Someone wanted to know about the outcome of my hair loss research so I thought I would quickly write up what I'm planning to try for the next year or so. No word on how well it works yet.

Most of the ideas are from this review: https://www.karger.com/Article/FullText/492035

I think this should be safer/less sketchy than the big 3 and fairly low cost, but plausibly less effective on expectation; let me know if you disagree.

Comment by John_Maxwell (John_Maxwell_IV) on Some Simple Observations Five Years After Starting Mindfulness Meditation · 2020-09-28T00:10:16.220Z · LW · GW

Those fatigue papers you recommended were a serious game-changer for me

Any chance you could link to whatever you're referring to? :)

Comment by John_Maxwell (John_Maxwell_IV) on Why GPT wants to mesa-optimize & how we might change this · 2020-09-27T05:45:54.540Z · LW · GW

Your philosophical point is interesting; I have a post in the queue about that. However I don't think it really proves what you want it to.

Having John_Maxwell in the byline makes it far more likely that I'm the author of the post.

If humans can make useful judgements re: whether this is something I wrote, vs something nostalgebraist wrote to make a point about bylines, I don't see why a language model can't do the same, in principle.

GPT is trying to be optimal at next-step prediction, and an optimal next-step predictor should not get improved by lookahead, it should already have those facts priced in to its next-step prediction.

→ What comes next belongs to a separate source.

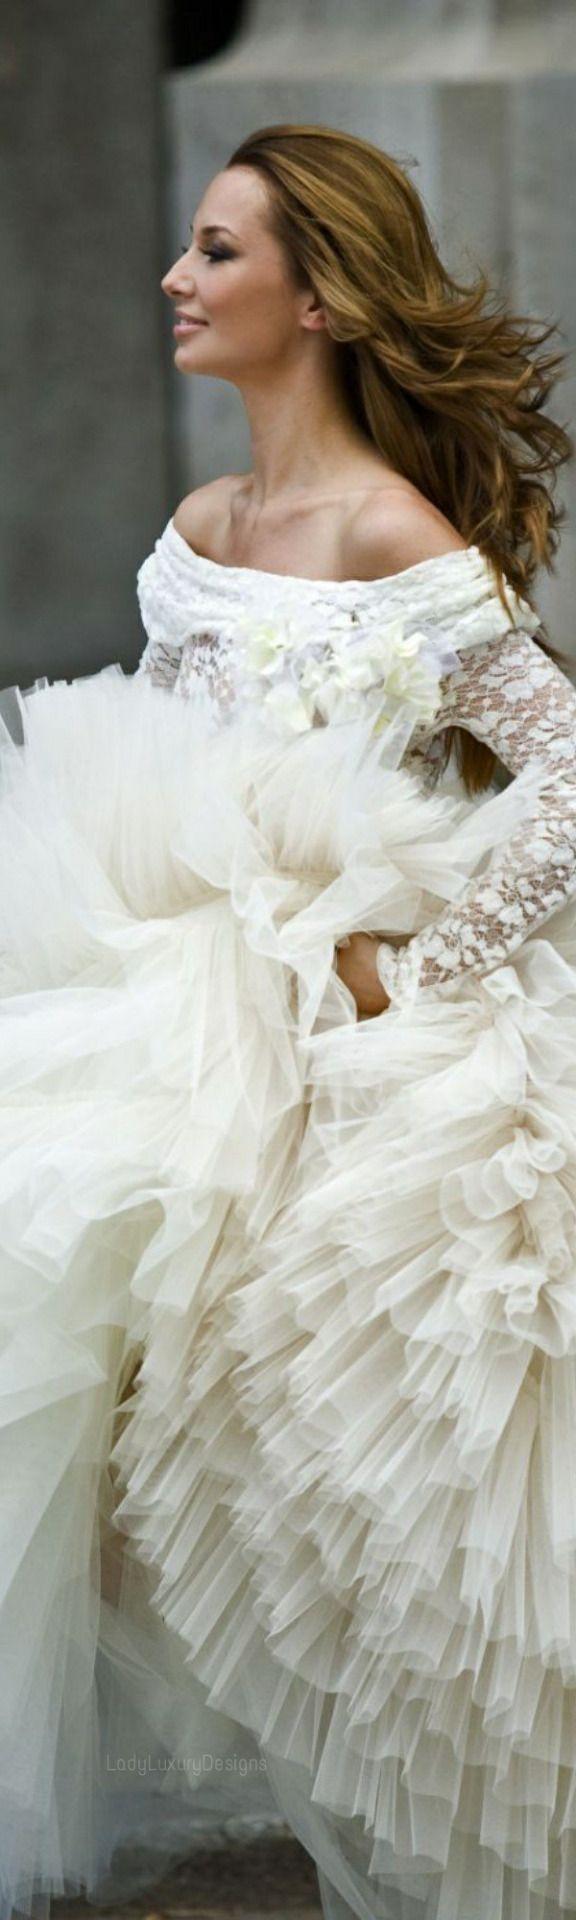 Beautiful Bride - Ladyluxury7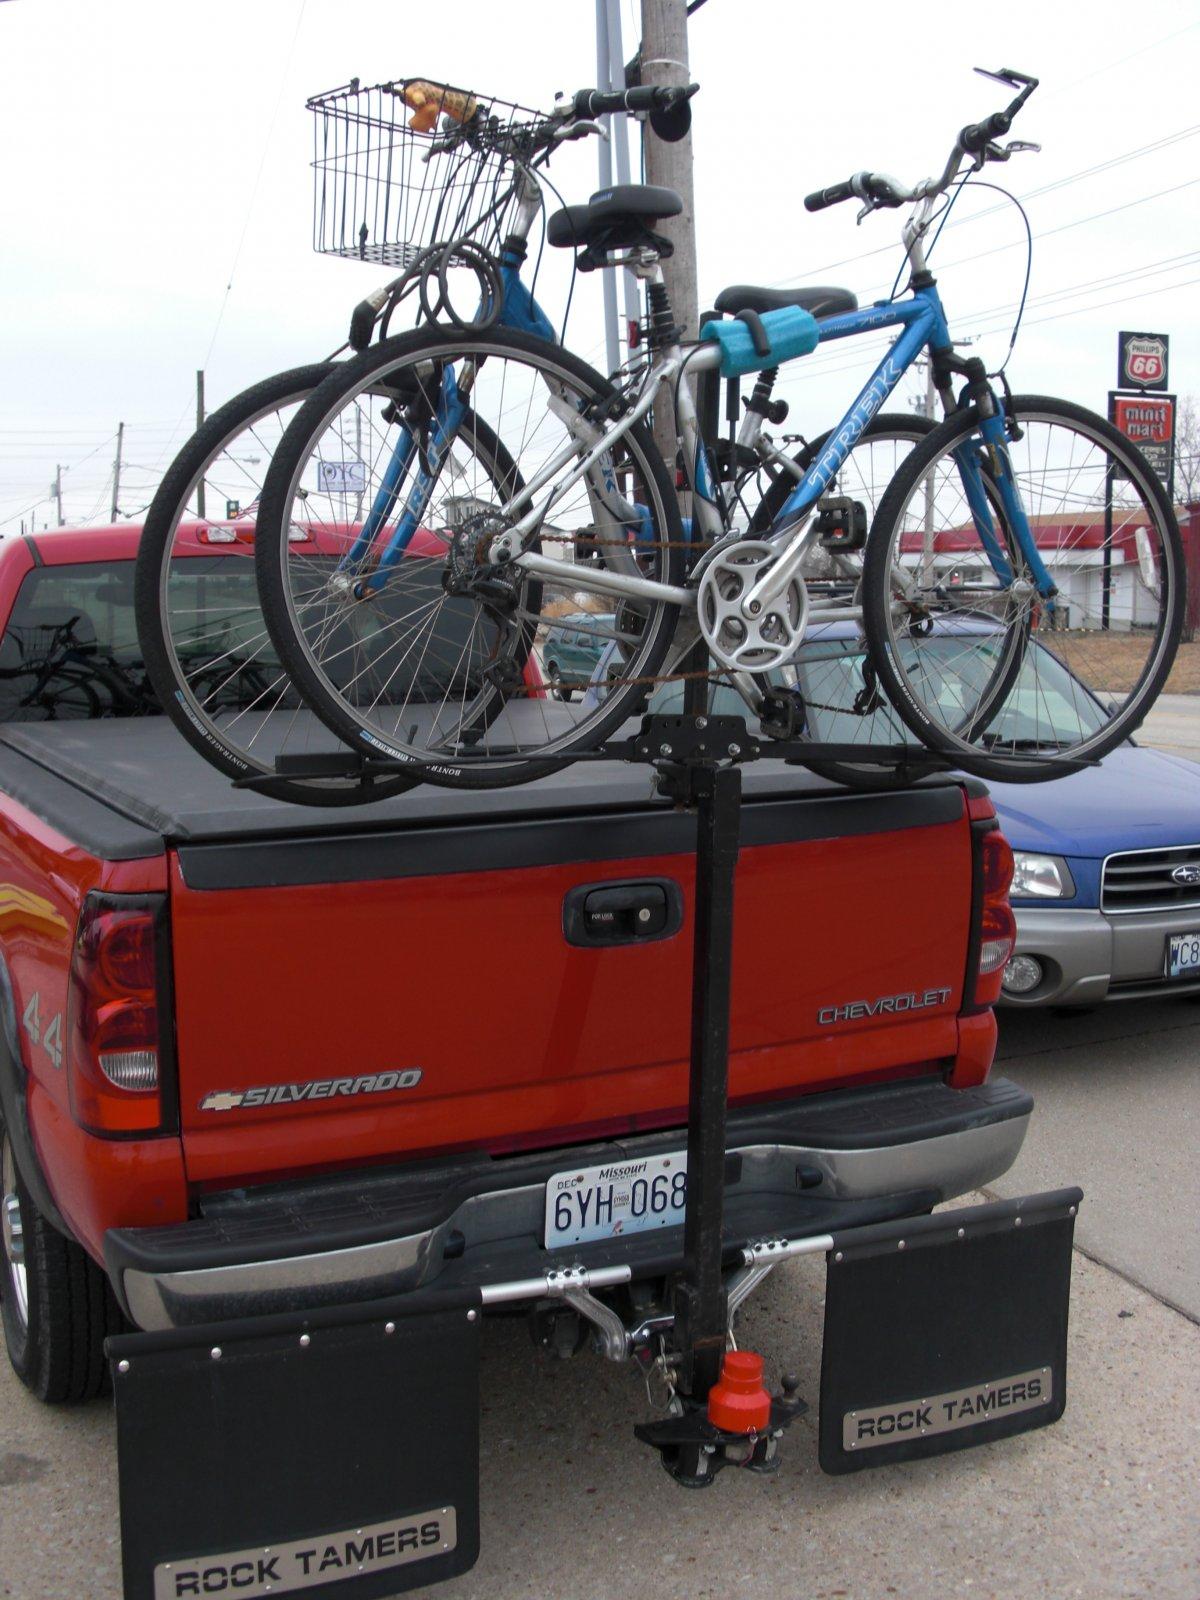 Click image for larger version  Name:Bike Rack.jpg Views:52 Size:288.2 KB ID:97793

A perfectly optimal next-step predictor would not be improved by lookahead or anything else, it's perfectly optimal. I'm talking about computational structures which might be incentivized during training when the predictor is suboptimal. (It's still going to be suboptimal after training with current technology, of course.)

In orthonormal's post they wrote:

...GPT-3's ability to write fiction is impressive- unlike GPT-2, it doesn't lose track of the plot, it has sensible things happen, it just can't plan its way to a satisfying resolution.

I'd be somewhat surprised if GPT-4 shared that last problem.

I suspect that either GPT-4 will still be unable to plan its way to a satisfying resolution, or GPT-4 will develop some kind of internal lookahead (probably not beam search, but beam search could be a useful model for understanding it) which is sufficiently general to be re-used across many different writing tasks. (Generality takes fewer parameters.) I don't know what the relative likelihoods of those possibilities are. But the whole idea of AI safety is to ask what happens if we succeed.